Postscript: The Rune Kennings

Although not present in Lokrur, a particularly interesting feature of rímur, especially after 1600 (Senra Silva 2010), is the use by the poets of rune kennings to conceal personal names, either their own or that of the lady the poem was dedicated to, in the closing verses. The rímur poets were not the first to use runes to encode names in this way: a 12th-13th century runic inscription found in Norway (N A104) is our earliest example (ibid.). However, by the middle of the 17th century, antiquarian interest in old alphabets and secret codes was resulting in the production and circulation of numerous manuscripts containing so-called málrúnir (‘speech-runes’).
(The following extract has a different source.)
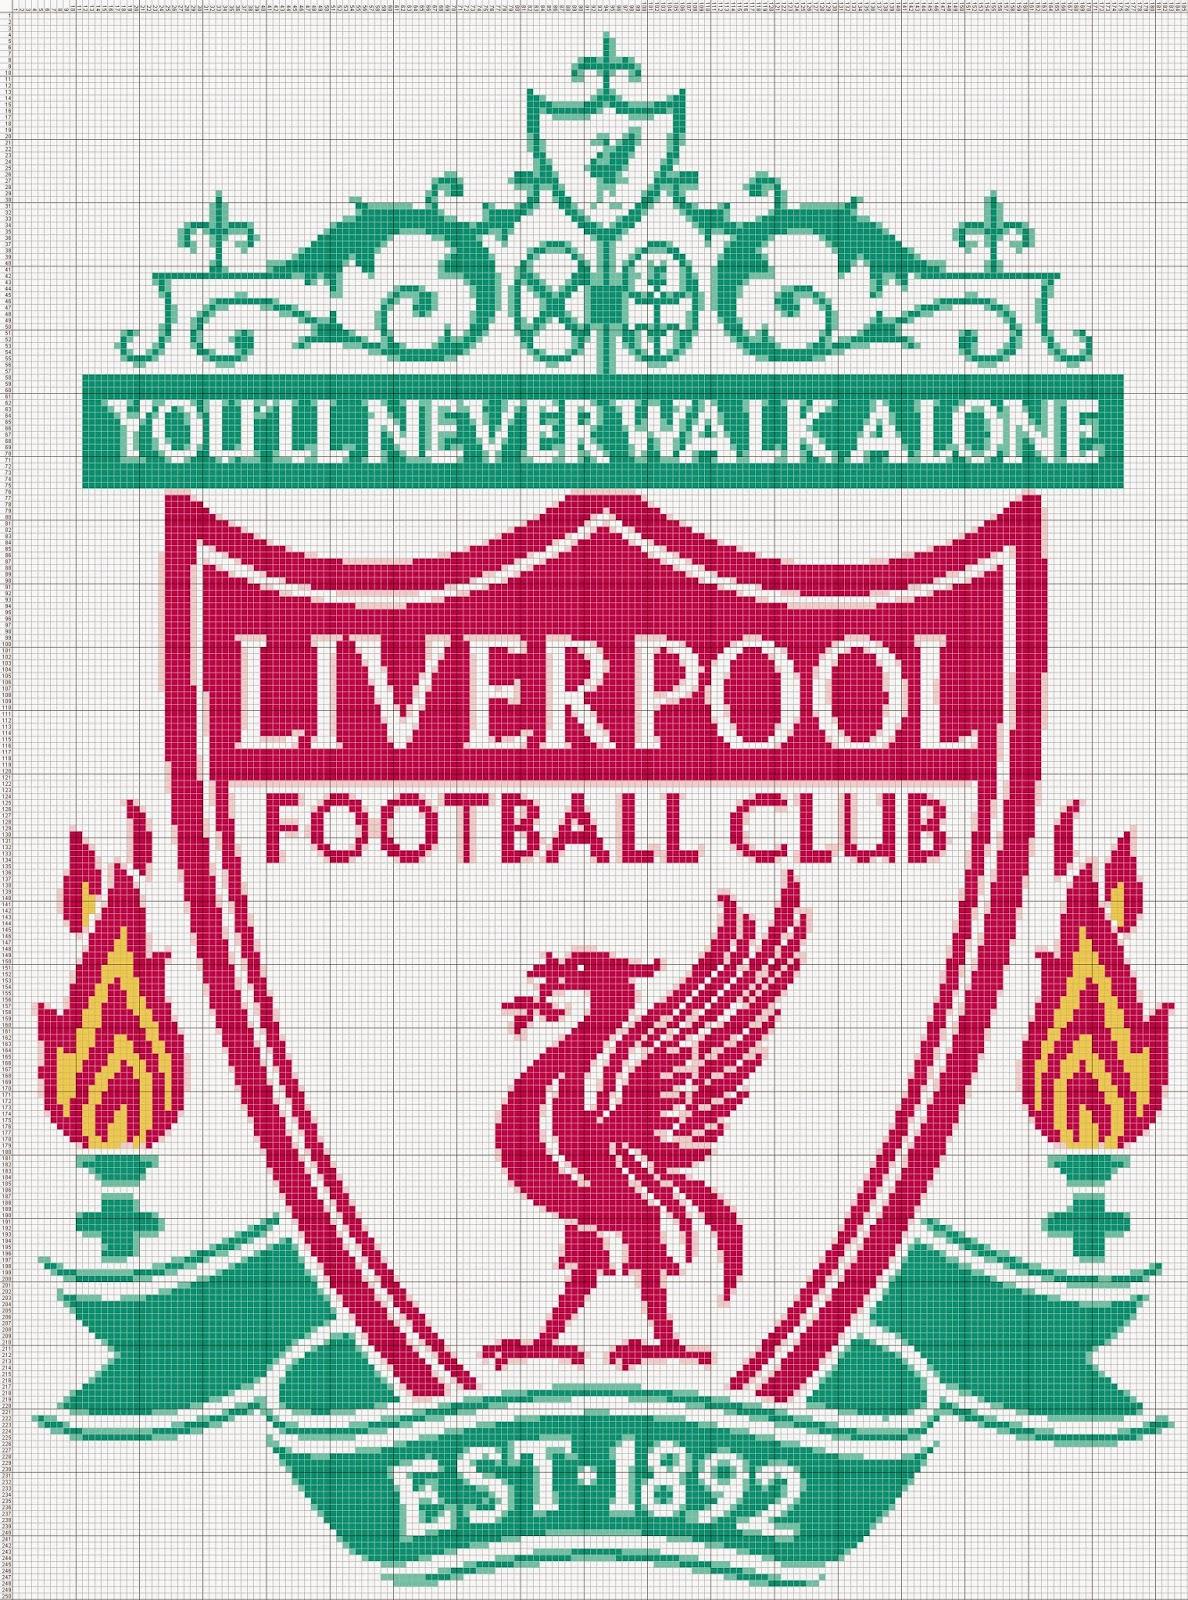 Gambar Pola Kristik Logo Klub Sepakbola Liverpool F.C. - Inggris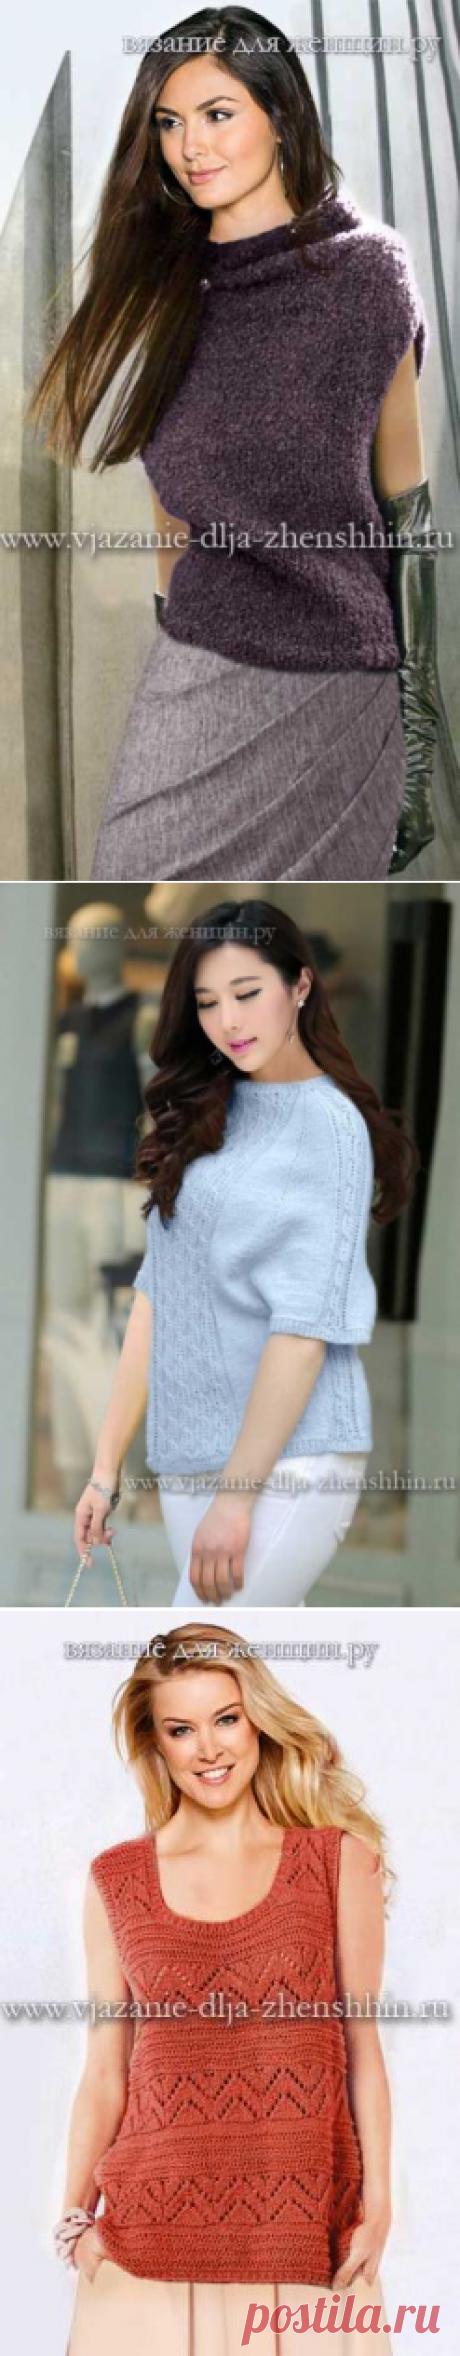 Модная модель вязания спицами для женщин

These kennings for the rune names are best known from the Icelandic Rune Poem manuscripts, which provide a handful of examples for each Younger Futhark rune that were likely drawn from a larger stock of such kennings (Page 1988). For example, the r-rune is named Reið (‘ride/riding’) and designated by the kennings sitjandi sæla (‘sitting bliss’), snúðig ferð (‘swift journey’), and jórs erfiði (‘horse’s toil’). These kennings give poets the opportunity to write “horse’s toil” and mean ‘the letter r’. By stringing a number of these kennings together, a name can be spelled out, and sometimes this was done as an anagram (Ólason 1915).

Kennings for the r-rune from SÁM 66 (source: Handrit.is).